Сцена театра. Слева - столик и стул. Справа входят Аполлон Епенетов и Ермолай Горский в сопровождении вахтёра.
Вахтёр. Тут подождите, он скоро придёт.
Аполлон. Надеюсь, Вы нас представили?
Вахтёр. Я сказал, что пришли два актёра на этот... как его... просмотр. Он махнул рукой: мол, знаю, пусть подождут на сцене. Ну и всё. Вот сцена, вот вы.
Аполлон. То есть Вы не говорили, что пришли (показывает на Ермолая) Ермолай Горский и (показывает на себя) Аполлон Епенетов?
Вахтёр. Он придёт и разберётся, кто вы и что вы.
Ермолай. А документы кому отдавать?
Вахтёр. Я - вахтёр. Мне они не нужны. При себе держите, или вон пока на стол положите (актёры кладут на стол свои документы). Кадровик придёт, ему отдадите, если вас возьмут.
Аполлон. Если?
Вахтёр. Да, тут приходили уже трое или четверо. По одному. Григорий Евсеевич Лучков лично смотрел каждого и всех отправил домой.
Ермолай. Плохо играли?
Вахтёр. Я-то почём знаю? Все уходили несолоно хлебавши. Так что если придёт Лучков, можете сразу собираться прочь.
Аполлон. Посмотрим.
Вахтёр. Смотрите, сколько хотите. А я пошёл, у меня кто-то две бумажки наклеил на двери. (уходит)
Аполлон. Да уж, вахтёр - это не профессия, а образ жизни.
Ермолай. Простите, что спрашиваю: Аполлон - это псевдоним?
Аполлон. Матушка назвала.
Ермолай.

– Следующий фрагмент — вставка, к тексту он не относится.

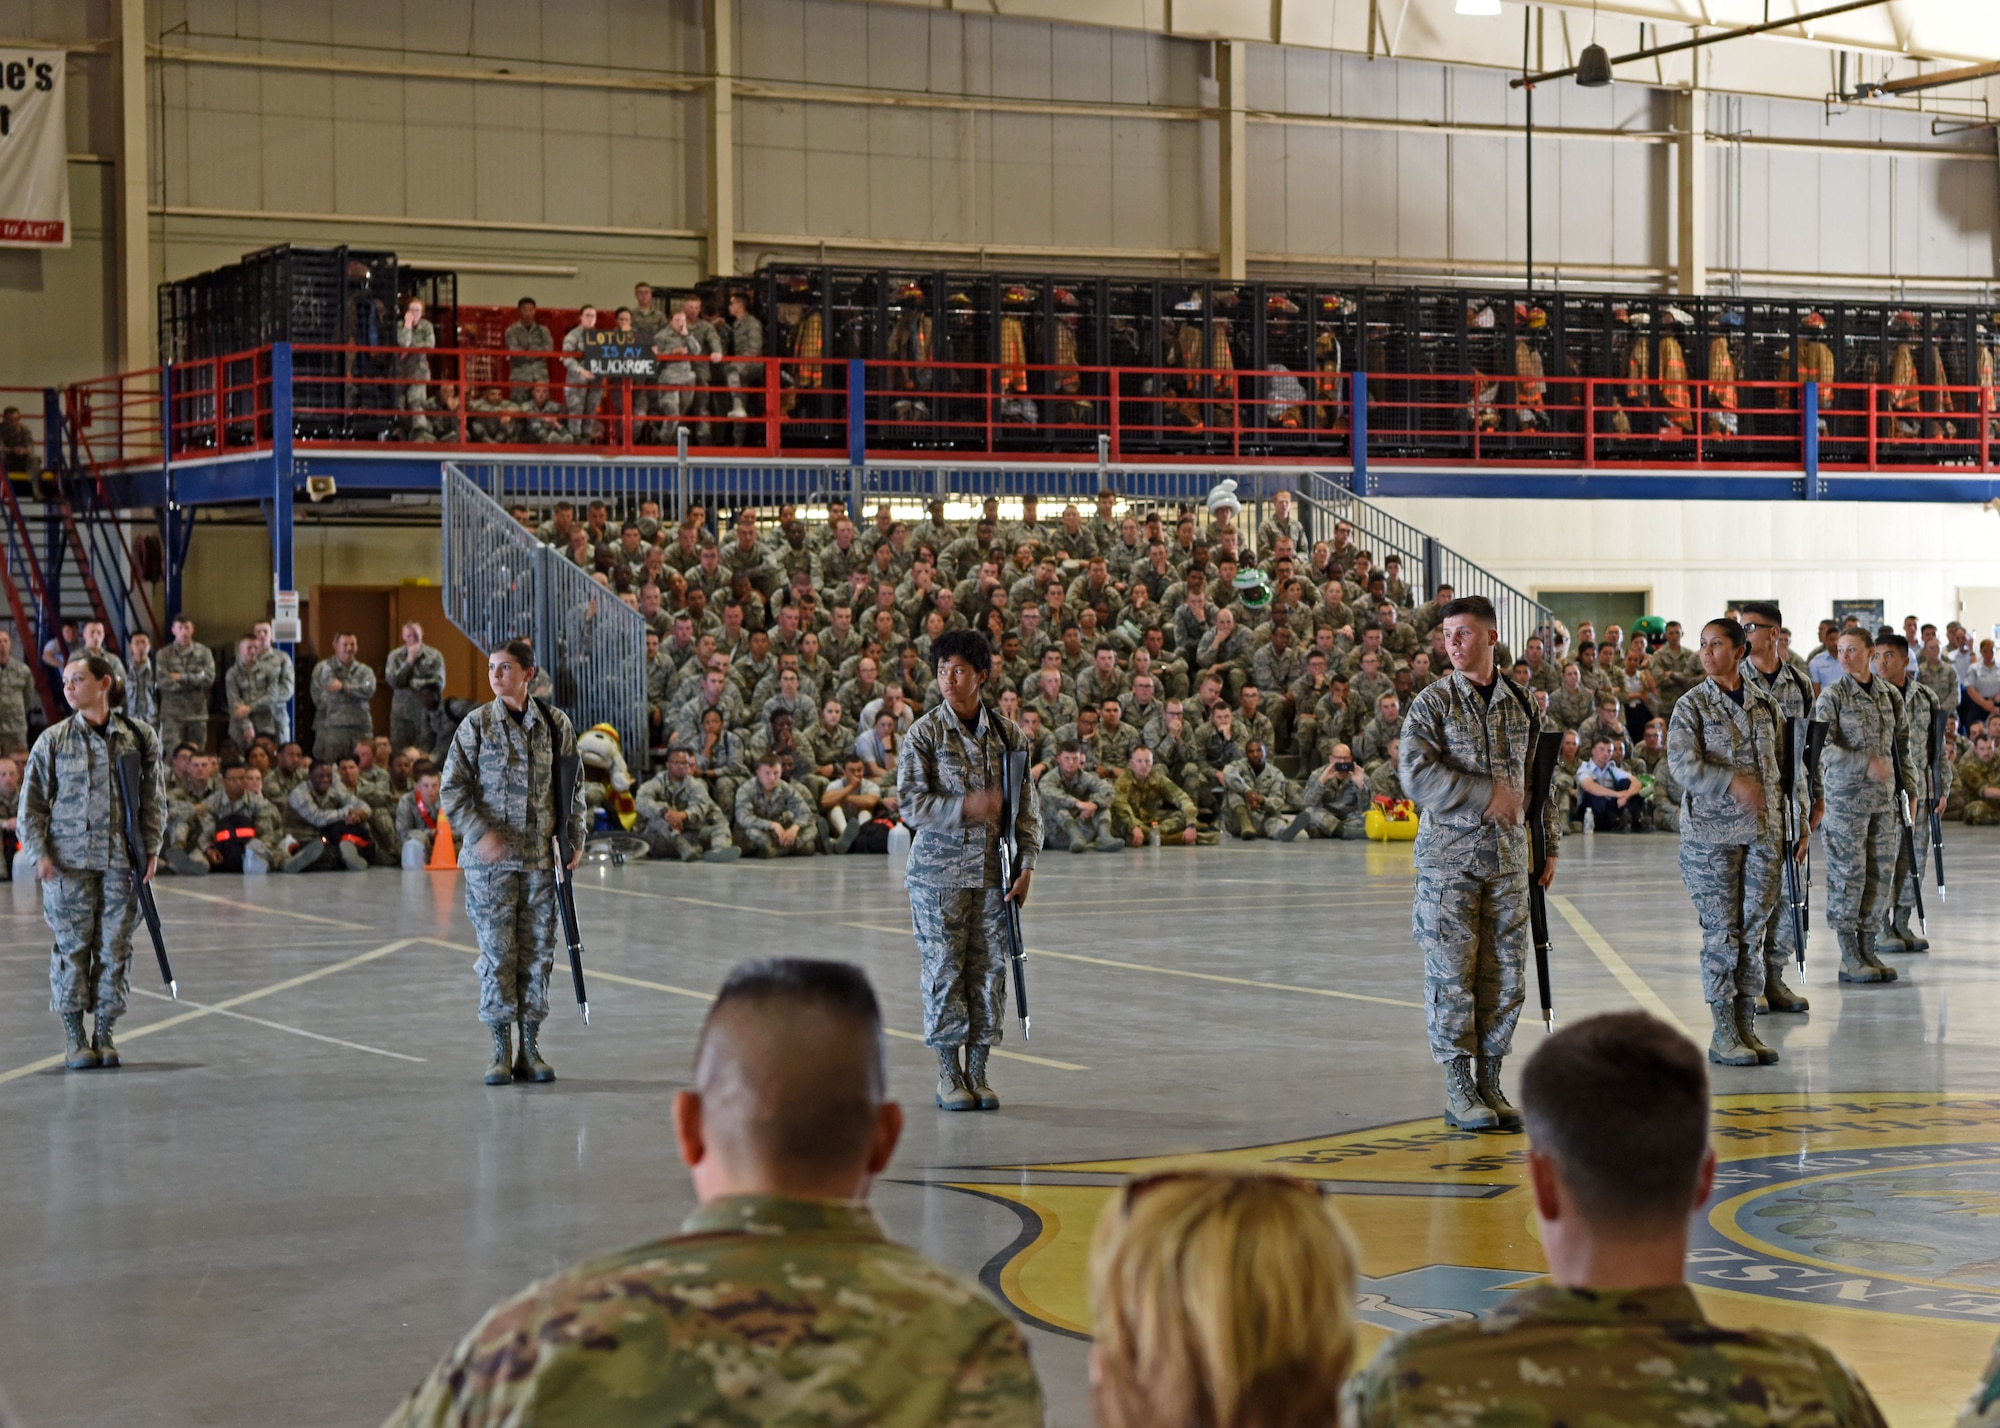 The 315th Training Squadron shows off their rifle routine by doing synchronized flourishes during the drill competition at the Louis F. Garland Department of Defense Fire Academy on Goodfellow Air Force Base, Texas, April 19, 2019. The rifle routine is just one segment in which the three squadrons competed. (U.S. Air Force photo by Airman 1st Class Ethan Sherwood/Released)

В честь греческого бога?
Аполлон. В честь, в честь... А Горский - псевдоним?
Ермолай. Нет, это мамы фамилия.
Аполлон. Ах, мамы... А ты... можем на "ты"? Я-то постарше буду... Ты, как я понял из нашего краткого разговора внизу, из местных?
Ермолай. Да, я тут неподалёку живу у матери. На полгода уезжал в областной центр, там театральные курсы закончил и вот неделю назад вернулся...
Аполлон. Что ж вернулся? Там-то проще было б устроиться.
Ермолай. У отца там места маловато для жизни. Я и так эти полгода у него жил и даже в его кафе ночевал, там же официантом подрабатывал, а сейчас сюда приехал, к матери...
Аполлон. А, у отца... Так он что, прогнал тебя что ли?
Ермолай. Вовсе нет. Просто у него своя семья. А здесь и пожить есть где, и с чего-то начинать надо - не сразу же в главные театры идти.
Аполлон. Наверно, ты прав. В центре-то, может, и не нашлось бы места, а тут можно и опыт получить, и навыки отточить, и знания применить. Пока здесь устроиться, а там - и к отцу поближе перебраться.
Ермолай. Мне бы опыта набраться.
Аполлон. Когда нас обоих возьмут, я тебя поучу. Я-то в искусстве уже двадцать лет. Как говорится, не приходя в сознание. То тут, то там. Я столько театров сменил, что и не сосчитать, и столько всяких режиссёров и постановок видел, не передать.
Ермолай. А сейчас что случилось? Почему сюда пришёл?
Аполлон. Как обычно. Привык пробовать новое. Не засиживаться на одном месте. Поживёшь с моё - ещё не так разойдёшься. Как с женщинами - ты можешь пожить с одной какое-то время, но она скоро приестся, и нужна новая.
Ермолай. И что, ты их бросаешь?
Аполлон. А что с ними делать? Мой тебе совет, актёрский, - не связывайся с партнёршами по театру! С ними - только рабочие отношения, как бы смешно это ни звучало.
Ермолай. Что же актрисы хуже всех остальных? Если я влюблён в актрису, что - бежать от неё?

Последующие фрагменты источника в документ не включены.